If Omar Sy and French basketball player Rudy Gobert support “The Metaverse Marauders”, a collection of 12,000 NFTs representing a whole panel of extraterrestrial creatures, other sports and entertainment stars, such as Neymar, Eminem or Paris Hilton, have posted their membership in the “Bored Ape Yacht Club”, a closed circle of holders of NFTs linked to unique images of apes and sold for more than 200,000 dollars each.

Singer Justin Bieber, for example, has paid 1.3 million for his in January.

“It's really like in the real world (of collectors): we have people in NFT who know a lot about it, are interested in it and spend time there, and then others who surf a little on a wave and buy a little what they are told to buy,” John Karp, president of NFT Factory and industry expert, told AFP, comparing interest in the “Bored Ape Yacht Club” to “neo bling. -bling”.

An approach contrary to that of Snoop Dogg.

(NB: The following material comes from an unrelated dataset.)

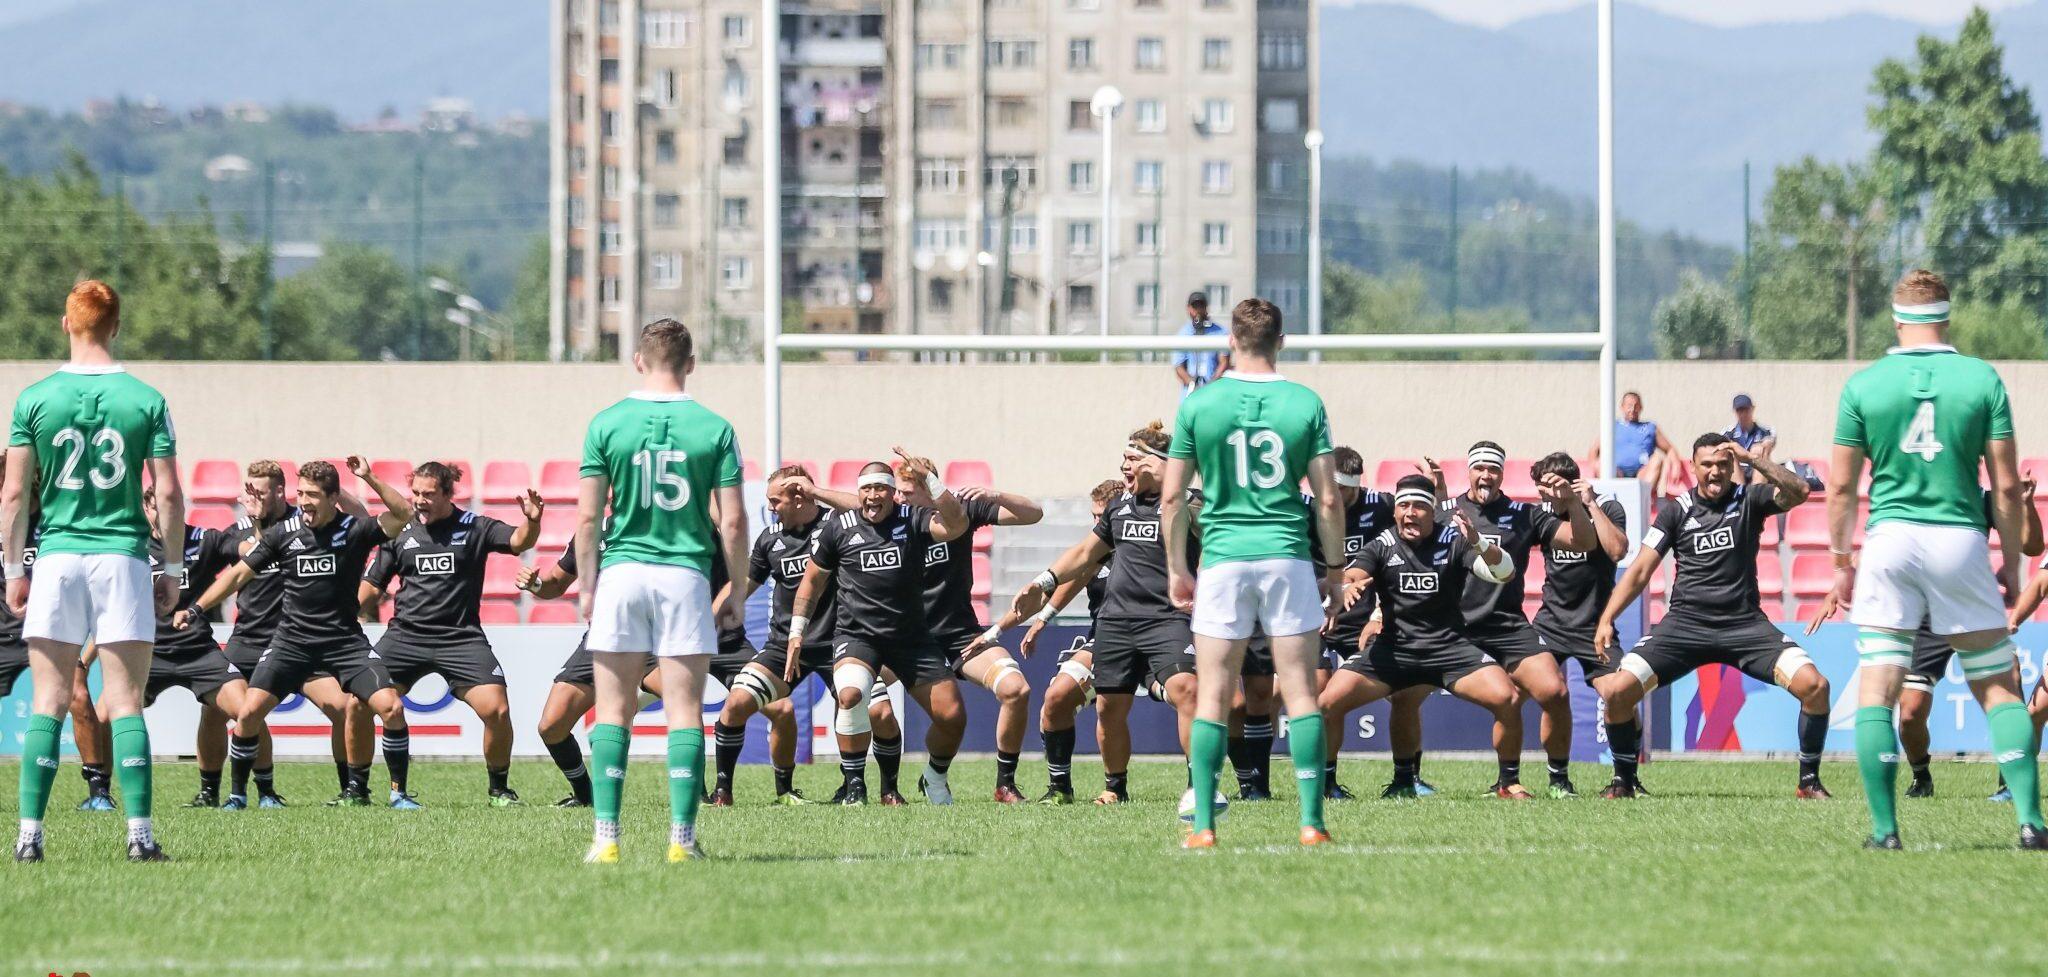 U20 Championship: Ireland U20 3 New Zealand U20 69

The American rapper revealed last September that he was hiding behind the anonymous profile of “Cozomo de' Medici”, a well-known collector in the NFT community for the purchase of many recognized digital works of art, beyond ” Bored Ape Yacht Club”.

“We understood that there was a fairly authentic approach, a real knowledge. His opinions matter, his point of view is important. He is recognized as a wise person,” emphasizes John Karp.

Conversely, there is the case of “influencers” who launch their collection of NFTs to “monetize” their audiences with an “objective of short-term money,” he explains.

But numerous examples have shown that these assets quickly lose their value on the secondary market or do not attract the expected income. After earning a million dollars thanks to the almost immediate purchase of NFTs by his fans, singer Shawn Mendes saw their value quadruple in one year.

After generating 44.2 billion dollars in 2021, the NFT market saw a drop in spending volume of 75% between February and mid-April, according to the firm Chainalysis.